García recuerda de manera muy vívida el caso de Oscar De Gregorio, montonero, que había sido detenido en noviembre de 1977 en Uruguay por fuerzas militares de ese país. Allí de Gregorio intentó fugarse, lo hirieron gravemente y luego el Grupo de Tareas de la ESMA fue a buscarlo.

-Estaba muy mal físicamente, le habían hecho un ano contranatura. Pero De Gregorio tenía un ánimo extraordinario. A las pocas semanas, Jeringa le aplicó la inyección –recuerda García.

Luego, como al resto de los “trasladados”, su destino fue un vuelo de la muerte.

Volviendo a la imagen que dejó helado a Víctor Basterra cuando vio a Jeringa en 2003 en el rol de un político consumado, hizo la denuncia judicial. La causa recayó en el juez federal Sergio Torres quien pidió su detención. Pero había un detalle: Jeringa tenía fueros parlamentarios. En efecto, al ser electo en junio de ese 2003 debía asumir en diciembre de ese año y solo podía proceder su detención si la Legislatura fueguina votaba por quitarle los fueros.

El programa PuntoDoc le hizo un lugar a Basterra. Una de sus frases muestra la conducta del entonces suboficial enfermero devenido en diputado electo.

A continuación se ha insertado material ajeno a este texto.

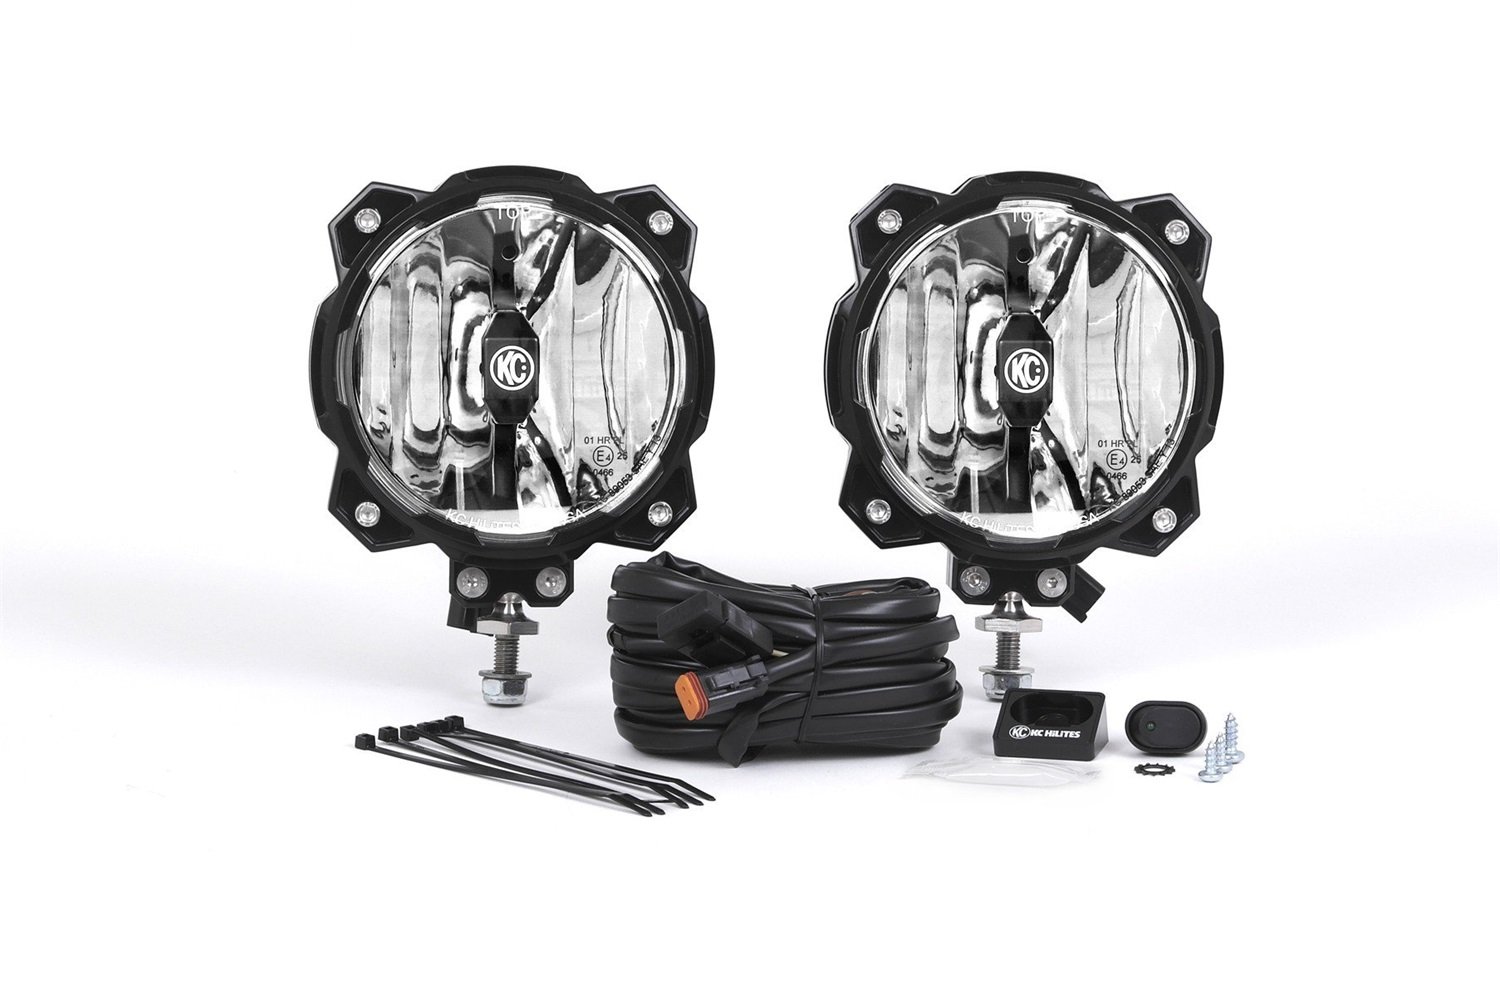 Pro6 Gravity LED Single Mnt Wide-40 System pair

Juan Lorenzo "Jeringa" Barrionuevo, torturador de la ESMA que llegó a legislador en Ushuaia 162

-Después de ser torturado estuve tres días sin tomar agua, desesperado, dolorido, tirado las veinticuatro horas en una colchoneta roñosa dentro de un cubículo, encapuchado, esposado, con grilletes y pidiendo agua. Entonces Jeringa gritó: “Así que éste quiere agua”, y me descargó un baldazo de agua fría, en pleno agosto. Ese rostro y esa voz me quedaron grabados a fuego –dijo Basterra frente a la cámara de PuntoDoc.

Basterra fue a Ushuaia para ratificar su denuncia. García hizo lo propio. El juez Torres debió trasladar el pedido de desafuero a la Justicia Federal fueguina. La Legislatura debía tratar el caso.

El periodista Diego Martínez, investigador de los vuelos de la muerte escribió:

“Contó Jeringa que un día se cansó de inyectar Pentonaval y pidió volar. ‘Yo tenía miedo de no animarme a empujar a la gente al vacío, pero me animé. Me sentía Dios, estaba en mi mano la vida o la muerte. Podía sentir la vibración de los cuerpos por los temblores que causa el miedo’.

Martínez tomó esta confesión de la que, a su vez, Jeringa le había hecho a un guardia del Hospital de Ushuaia. Mientras este largo proceso judicial y legislativo se llevaba a cabo, Jeringa Barrionuevo contrajo un cáncer galopante. Murió en 2008, a los 54 años, impune, en libertad.